**Aim of the exercise**: Leave out every picture and set down, exactly, the lines below from the one holding "EOS R5 vs EOS 6D" up to and including the one holding "Lunchtime at Oyler".

**Given entries**:
▬▬▬▬▬▬

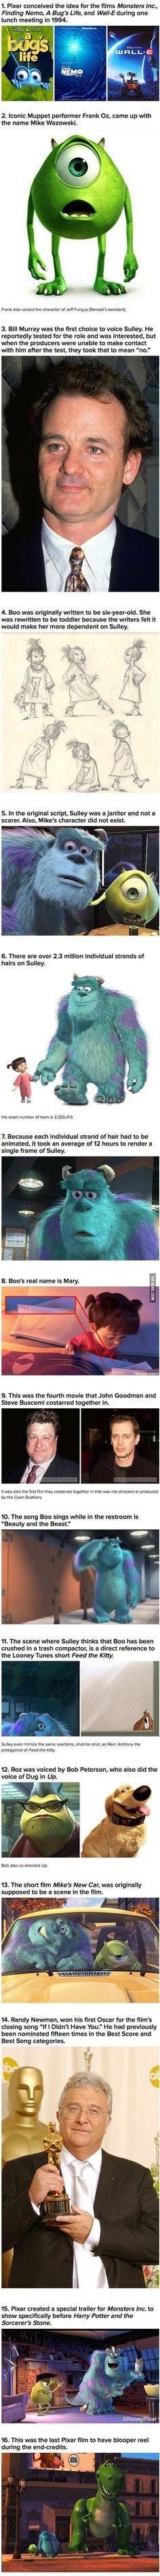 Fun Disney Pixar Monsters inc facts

▬▬▬▬▬▬

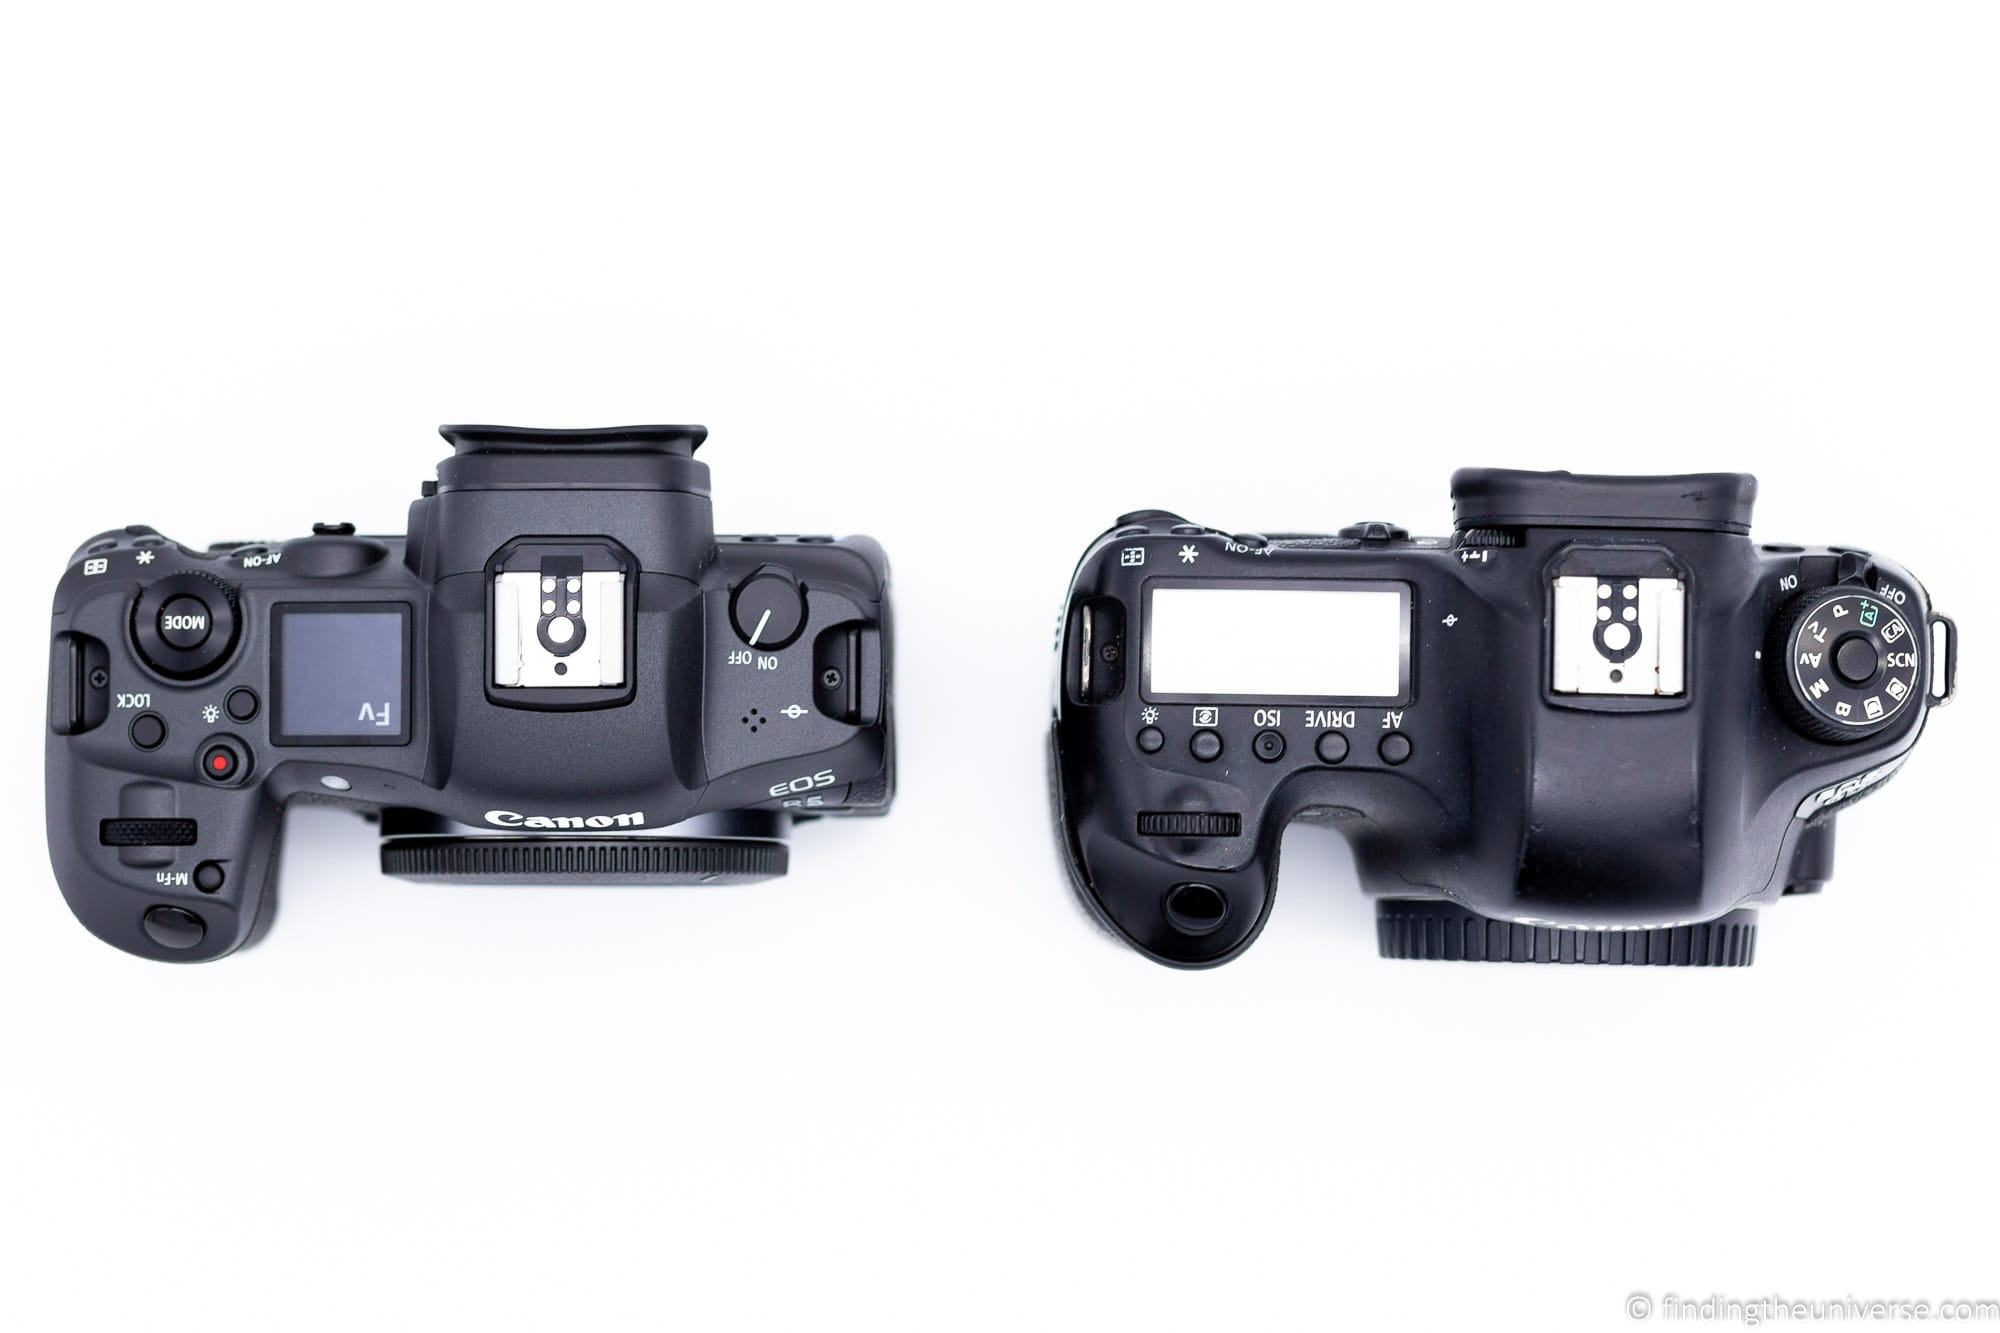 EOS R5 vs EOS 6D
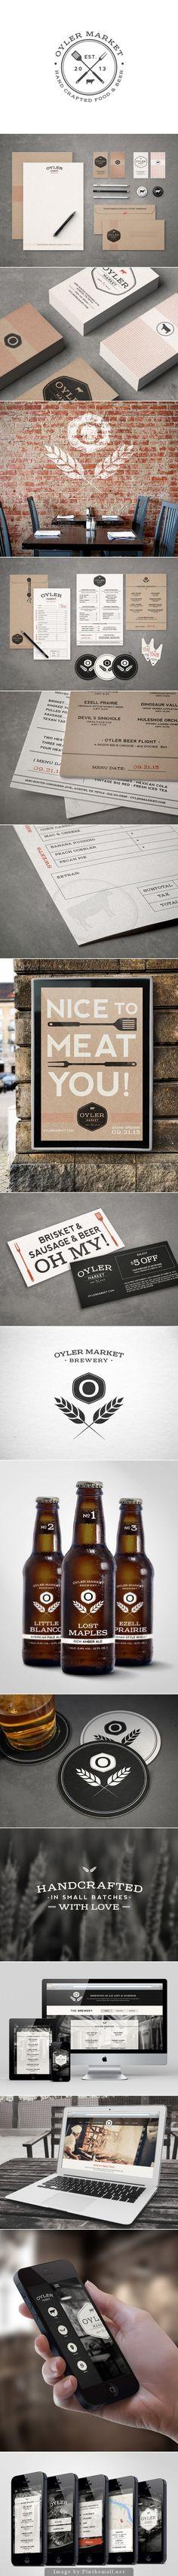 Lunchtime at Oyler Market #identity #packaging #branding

▬▬▬▬▬▬

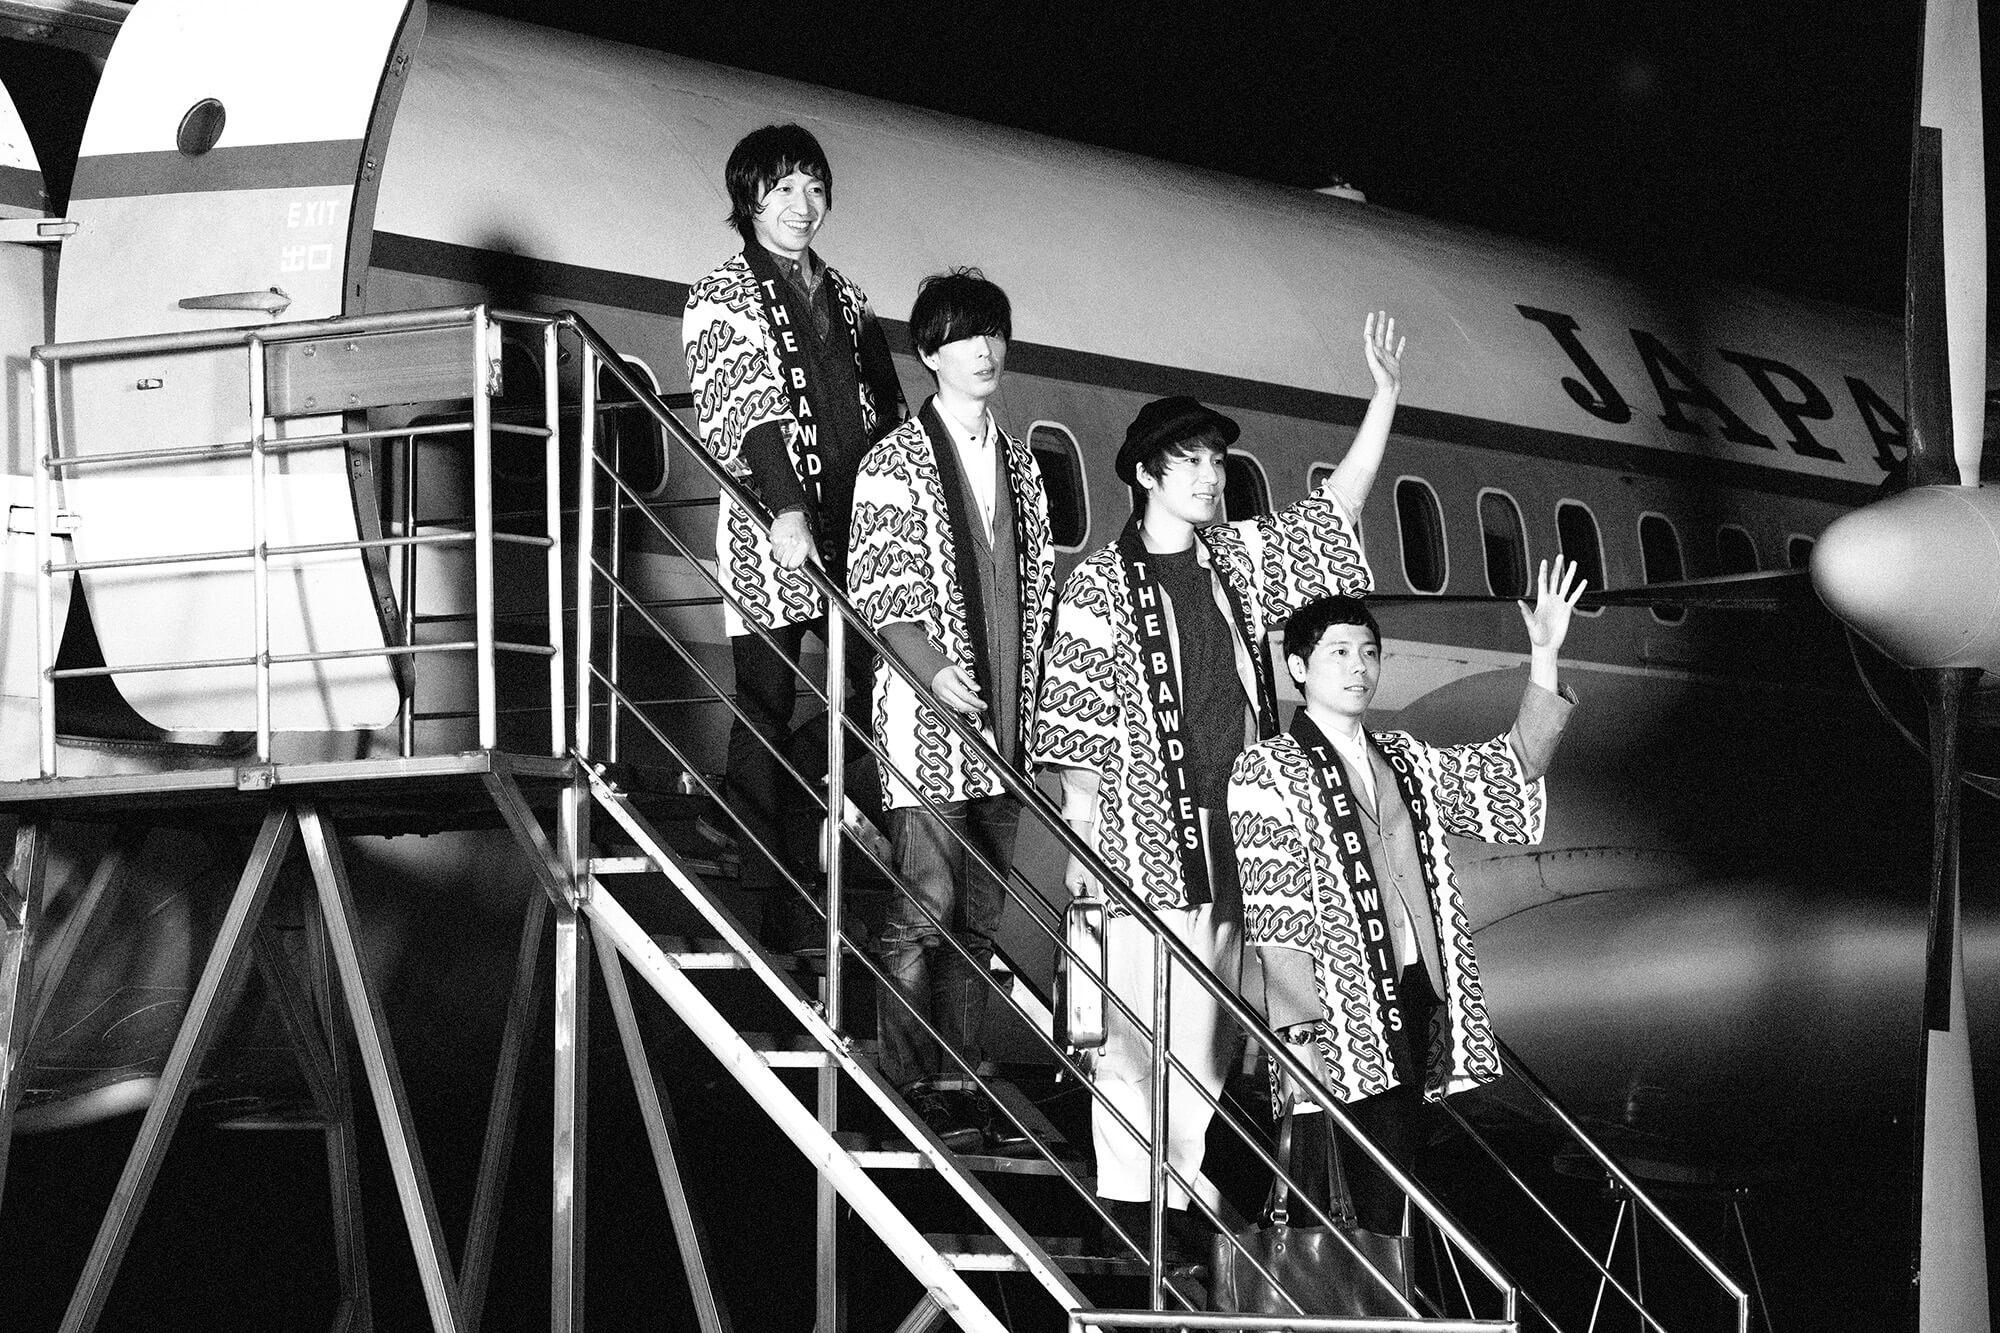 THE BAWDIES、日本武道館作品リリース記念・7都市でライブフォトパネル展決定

▬▬▬▬▬▬

**Task output**:
 EOS R5 vs EOS 6D
 Lunchtime at Oyler Market #identity #packaging #branding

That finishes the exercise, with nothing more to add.